There are moments of temptation. Saturday is our takeaway night, and I usually share a big plate of kebab with my boyfriend. On this new diet, though, greasy fries and lamb shawarma are definitely off the table. We switch to a Mediterranean place and opt for grilled halloumi, Greek salad, pitta bread and hummus. It is still delicious, but without that weekly hedonistic dose of junk food, something feels missing.

Another challenge is that the diet is largely pescatarian. Oily fish such as salmon and mackerel are rich in omega-3 fatty acids, which can improve gut health by reducing inflammation and supporting the growth of good bacteria. However, as fresh fish is far beyond my budget, I spend the week relying mostly on cheese for protein, along with two tins of funny-tasting pink salmon. For an omnivore like me, it quickly becomes monotonous.

Dr Manpreet Dhuffar-Pottiwal, a chartered psychologist, advises me to be patient.

“When starting a psychobiotic diet, it is important to understand that changes in mental health will not be noticeable overnight.

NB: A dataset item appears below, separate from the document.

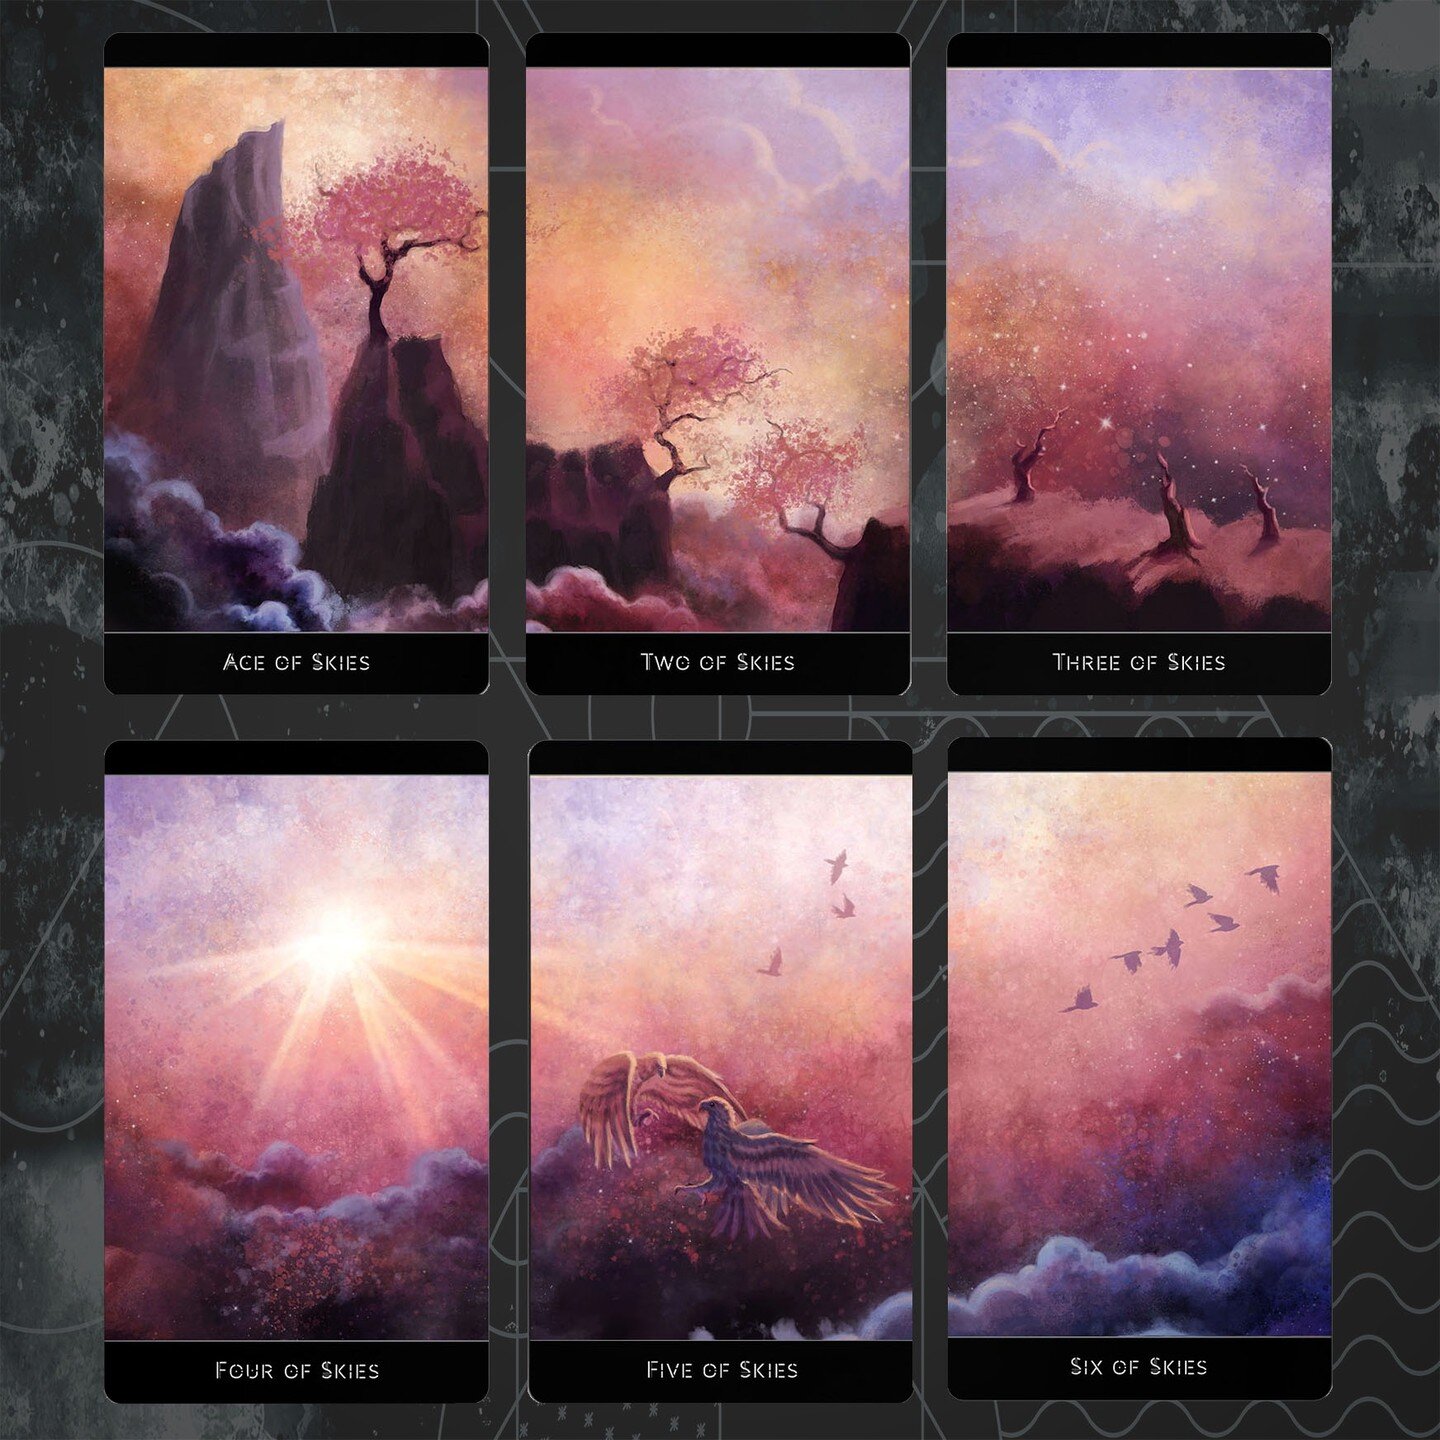 And the Skies suit, which got some minor conceptual tweaks and new sunset inspired color palette.. #thelostforesttarot #lostforesttarot #indietarot #indietarotdeck #tarotkickstarter #kickstartertarot #tarot #tarotreader #fantasyart #fantasyillustrati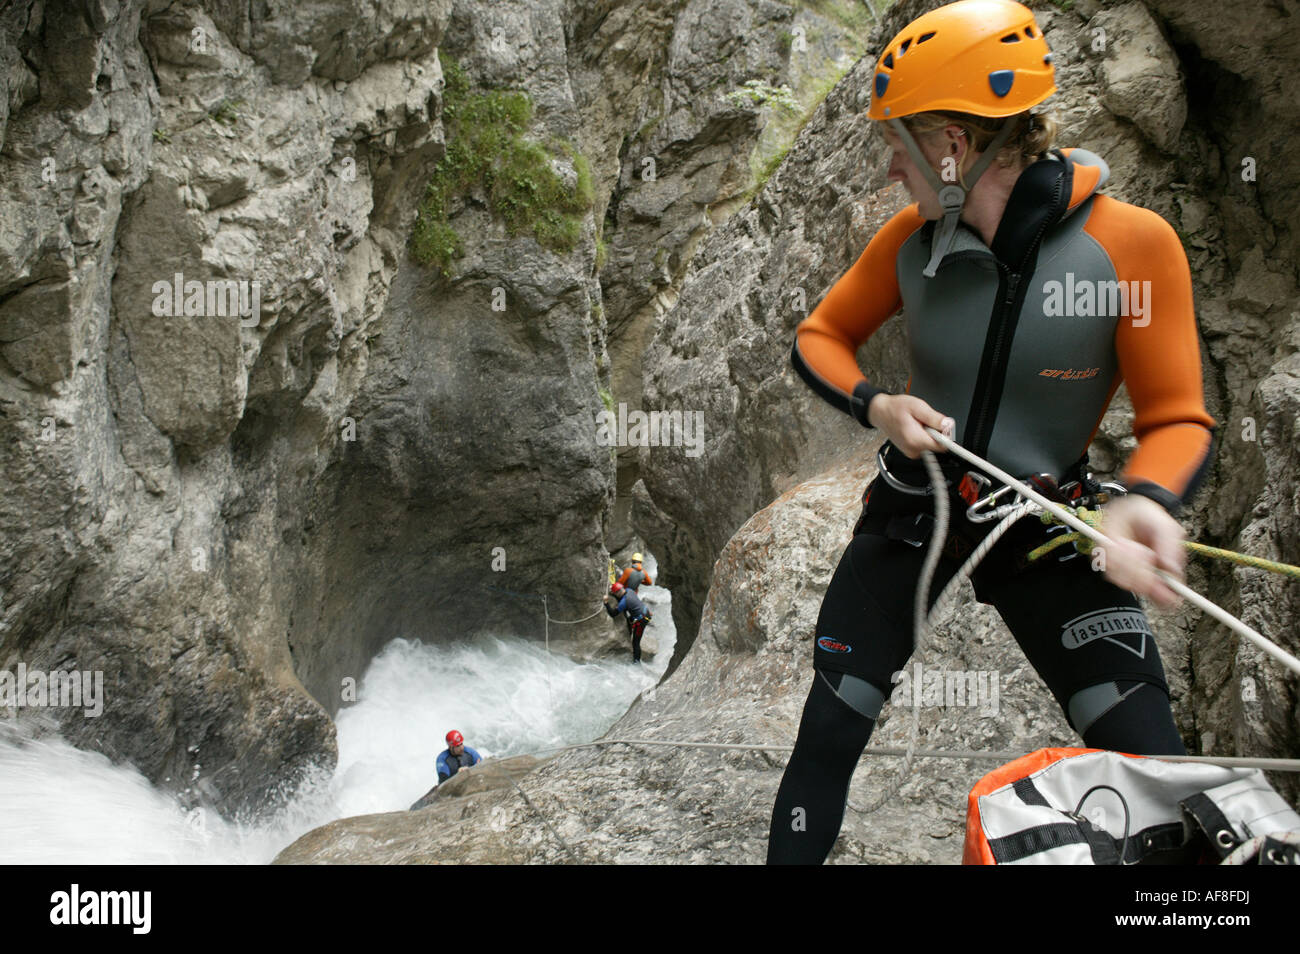 A group of people canyoning with guide, abseiling, Hachleschlucht, Haiming, Tyrol, Austria Stock Photo

Data from a randomised control trial indicates that the significant reductions in stress levels happen across a four-week period,” she says.

Even though one week is too short for a full gut microbiome revolution, I can already feel the diet’s calming effects through the changes in my habits. The satisfaction comes not just from the food itself, but also from the process of preparing each meal. In the week, I’ve tripled the amount of time spent in the kitchen than usual. Each evening, I browse recipe websites, brainstorming for the next day’s meal plan. This offers me a much-needed mental escape from my worries about the future and helps me stay grounded in the present.

Now, in my fourth week on the diet, I can definitely feel an improvement in my anxiety. I sleep better and wake up less frequently during the night, which aligns with research findings. My digestion has stayed stable, which is important for me as my IBS usually worsens when I’m feeling anxious. I’ve also noticed fewer negative thoughts during stressful moments, though it’s hard to say whether it could be a placebo effect. But with cottage cheese and kefir becoming the rising stars in my fridge, I’m committed to sticking with it.